The time I started to spend each morning in hisbodedus speaking to Hashem with complete honestly began to get me in touch a deeper level of self than I previously knew existed. I began to trace things to their source and come to a better understanding of who I really was. I came to understand that it was pointless to continually renovate my house (so to speak) if I had a basement that was flooded with sewage. I couldn’t pretend those coarse and unrefined elements of my self did not exist. I could no longer arrogantly think to myself that I was better than anyone I saw around me.

I was reminded of this in a dream I had one night during this time as well. In the dream, I shaved off my beard which I have had for over a decade.
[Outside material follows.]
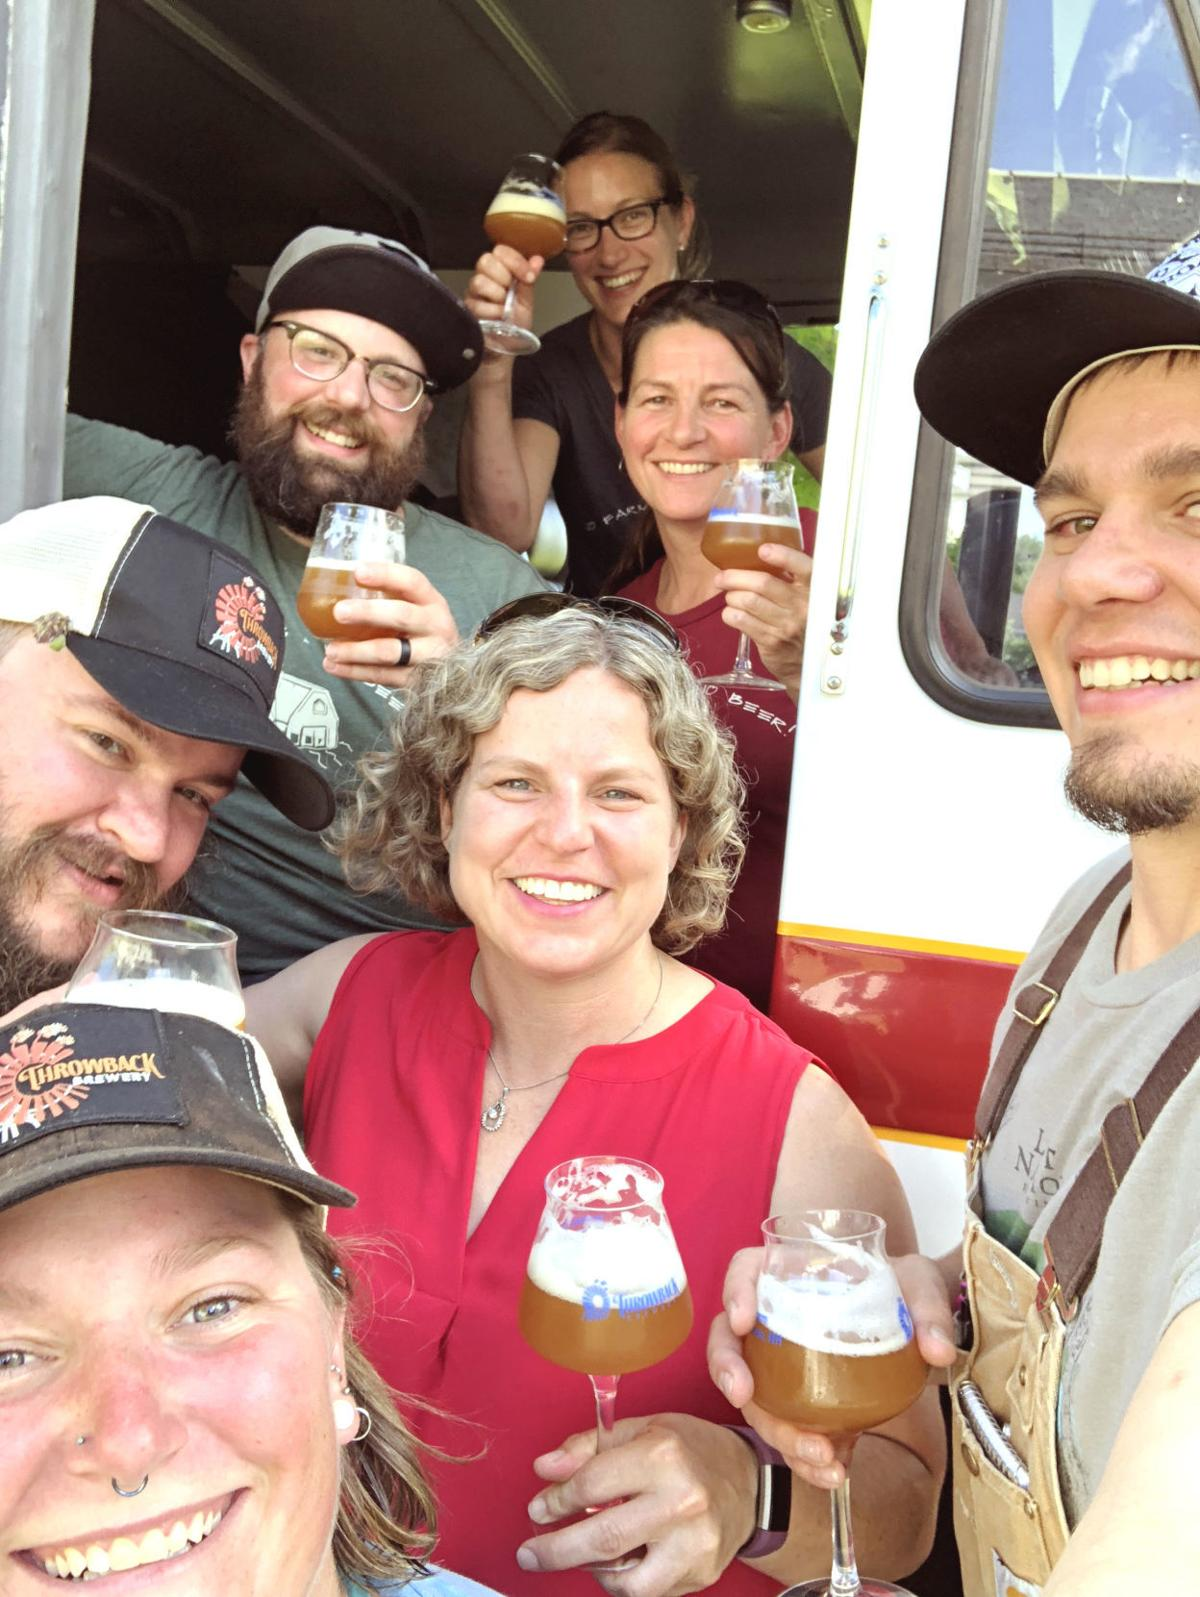 Throwback Brewery staff

I then went into a panic, crying hysterically when I remembered that I needed to go to work the next day and would be showing up in front of my co-workers without a beard. Waking up from this “nightmare” in the middle of the night, I grasped my beard and said, “Oh, Thank You, Hashem!!”.  Reflecting about this dream in hisbodedus the next few days, I tried to plumb its meaning. Did it mean that the “real me” was a person without a beard? Was my beard simply a costume I was putting on to make others believe I was some sort of “holy man”?

Eventually one morning, I had an insight during hisbodedus: The beardless me was an aspect of myself that was still very much present – the me that was motivated primarily by the desires and cravings of my body. The bearded me was that aspect of myself which was motivated primarily by my neshoma (soul).* After following the dictates of the body and shaving off my beard in my dream, I was distressed because I had to go back among people without giving them any visual clues of who the “real me”  really was. I felt as if I would be made to sit at conference table at the weekly staff meeting at work and have my animalistic thoughts revealed to those around me.

The dream lingered in my mind. How was I to get back in tune with the “real me”? How was I supposed to clean out the filth in this flooded basement? Returning to this lesson in Likutey Moharan, the Rebbe’s words encouraged me,

“Know the darkness itself contains many openings from to exit…

….And know, a person merits to find an opening through emes.”

I asked Hashem over and over in hisbodedus during the next few days to help me find these openings. “Hashem, if there are ‘many openings’, why can’t I find even one!?“, I asked. After spending time reflecting on this is question it came to me that perhaps the answer was hinted to in something Rabbi Dovid Sears once wrote,

To follow the Rebbe’s derekh (path), a person must go into himself.

Perhaps it was time to return to one of my favorite lessons Likutey Moharan; one that had once confirmed in my mind that Breslov was the right path for me.   Next week, I will tell you about my return to Likutey Moharan II:73, a lesson focused on how a person can find his unique path.

 

* Note: This posting is not meant in any way to cast aspersions on a man without a beard who can certainly be infinitely more pious than a man with a beard. I am not trying to imply that a person without a beard is hiding his true self. In this piece, I am only writing about myself and what a beard represents to me alone.